С него текла вода, в волосы набились тина и водоросли, его вполне можно было принять за озерного демона.
— А мне все равно,— ответила Фейра и закрыла глаза.— Делай со мной что хочешь, хоть ешь.
Киммериец выругался и несильно, но хлестко ударил ее по щеке. Девушка вскрикнула.
— Очнись, детка,— сказал он тоном, в котором ясно читалось: «Тебе же будет хуже, если ты этого не сделаешь». — Я не намерен торчать тут над тобой до рассвета. Ты подхватишь лихорадку, если будешь дальше лежать мокрая на холодной земле, — добавил он тоном ниже.
Утопленница выглядела так жалко, что язык не поворачивался бранить ее.
— Так я жива!— поняла, наконец, Фейра и с неожиданной яростью набросилась на своего спасителя:— Зачем ты это сделал? Разве я кричала «помогите»? А?! Кто тебя просил меня спасать? Это входит в твои обязанности ун-баши — вытаскивать девушек из воды, когда они хотят утопиться?
Натиск ее был так внезапен, что Конан на миг лишился дара речи. Девушка еще что-то выкрикивала с ненавистью, сжимая маленькие кулачки, когда он молча сгреб ее в охапку и решительно направился вдоль берега, туда, где над озером поднимался высокий глинистый обрыв. Встав на краю, он поднял отбивающуюся дерзкую девчонку на вытянутых руках. Она затихла, боясь шевельнуться.
— Ну? Швырнуть тебя вниз или отпустить, о, ты, жаждущая смерти в зловонной тине?

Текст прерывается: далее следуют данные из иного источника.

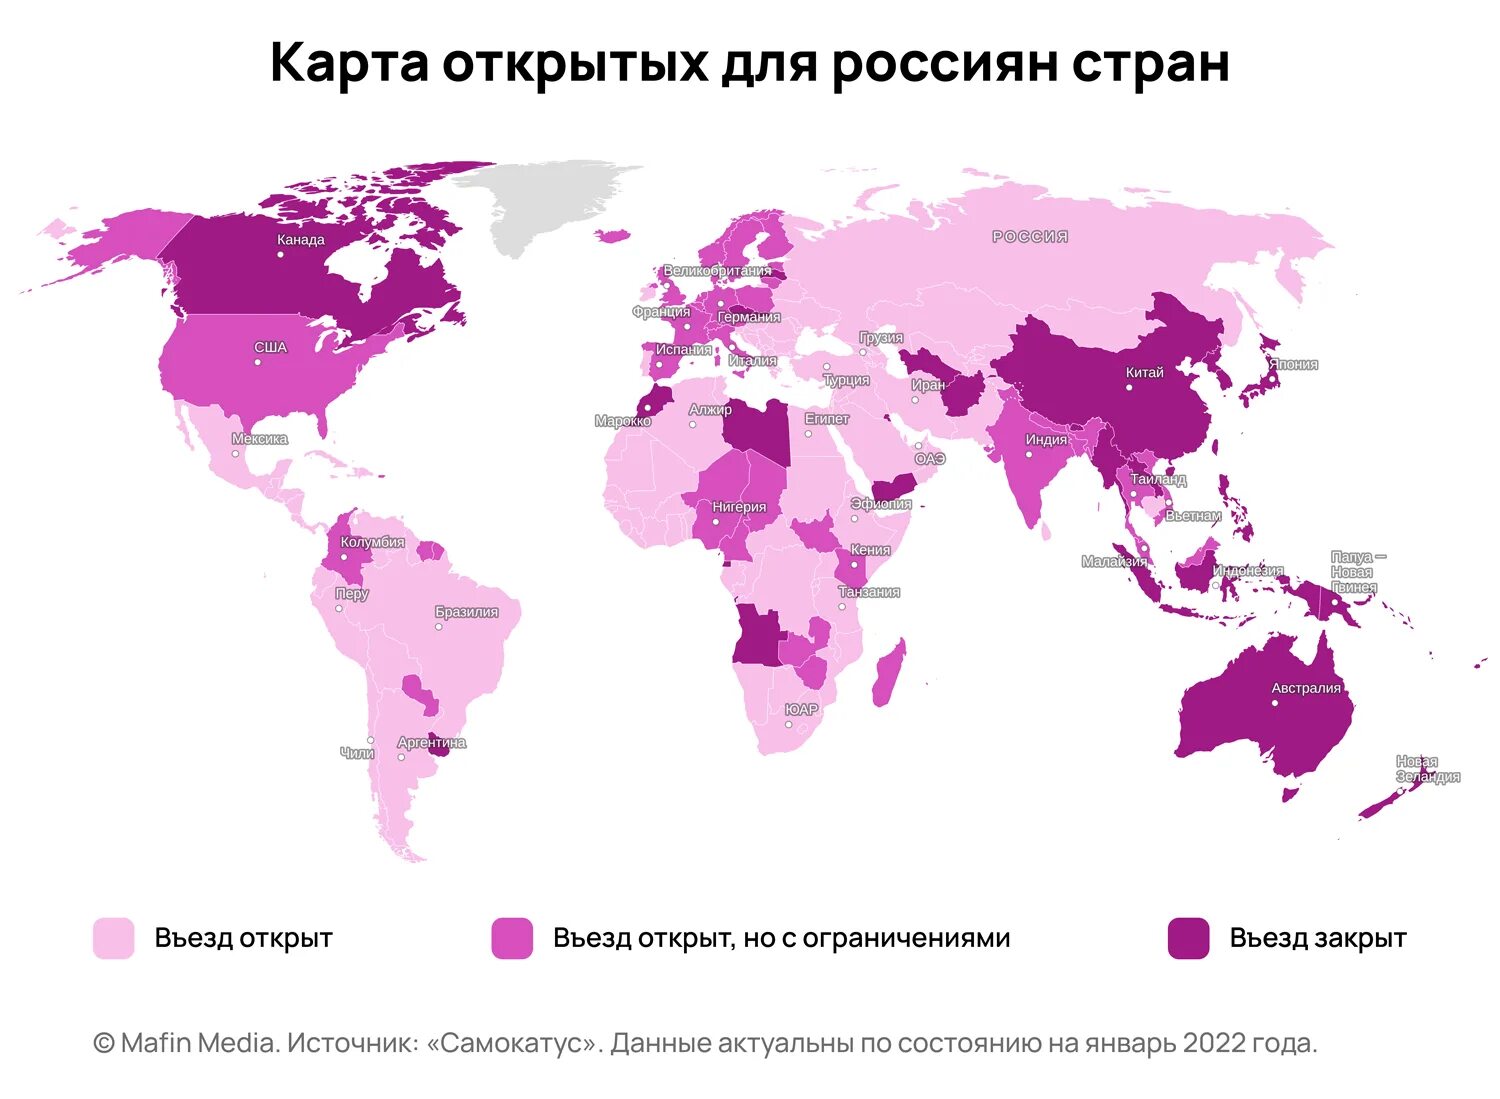 Заграница страны. Карта открытых стран для россиян 2022. Открытые страны для россиян 2022. Какие страны открыты для россиян в 2022. Какие страны сейчас открыты для россиян 2022.

— Пустить, пустить! — поспешно пискнула она.
Конан рассмеялся и опустил Фейру на землю.
— Дурочка,— сказал он ласково. И назидательным тоном повторил фразу, услышанную на днях от мудрого Магриба:— Ибо живой еще может повернуть колесо своей судьбы, мертвые же — мертвы.

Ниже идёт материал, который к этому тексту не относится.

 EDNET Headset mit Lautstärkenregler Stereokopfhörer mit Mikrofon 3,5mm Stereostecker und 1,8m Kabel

Фейра без сил опустилась в траву и разрыдалась.
— Колесо моей судьбы крутит отец!— услышал Конан сквозь всхлипывания.— Я вольна только умереть. Может, я и в самом деле умру от лихорадки, если просижу на земле остаток ночи…
— Вот заладила! Ну-ка, вставай, и пойдем со мной, нам обоим надо обсушиться и переодеться. Я дам тебе мяса и вина, что остались от ужина, и ты расскажешь мне, с чего это такая хорошенькая девчонка, как ты, захотела вдруг свести счеты с жизнью.
Всхлипывая, она побрела за ним к казарме. В доме все спали, не было только нескольких солдат, которых Конан отпустил в город до рассвета. Киммериец стянул с себя мокрые штаны и рубашку, оставшись в одной набедренной повязке, растопил печь во дворе, вытащил из своих вещей теплый плащ из верблюжьей шерсти, кинул Фейре:
— Снимай все мокрое и укутайся пока в это.— И, чтобы не смущать девушку, ушел за низкую глинобитную стену, бросив через плечо:— Крикнешь, когда управишься.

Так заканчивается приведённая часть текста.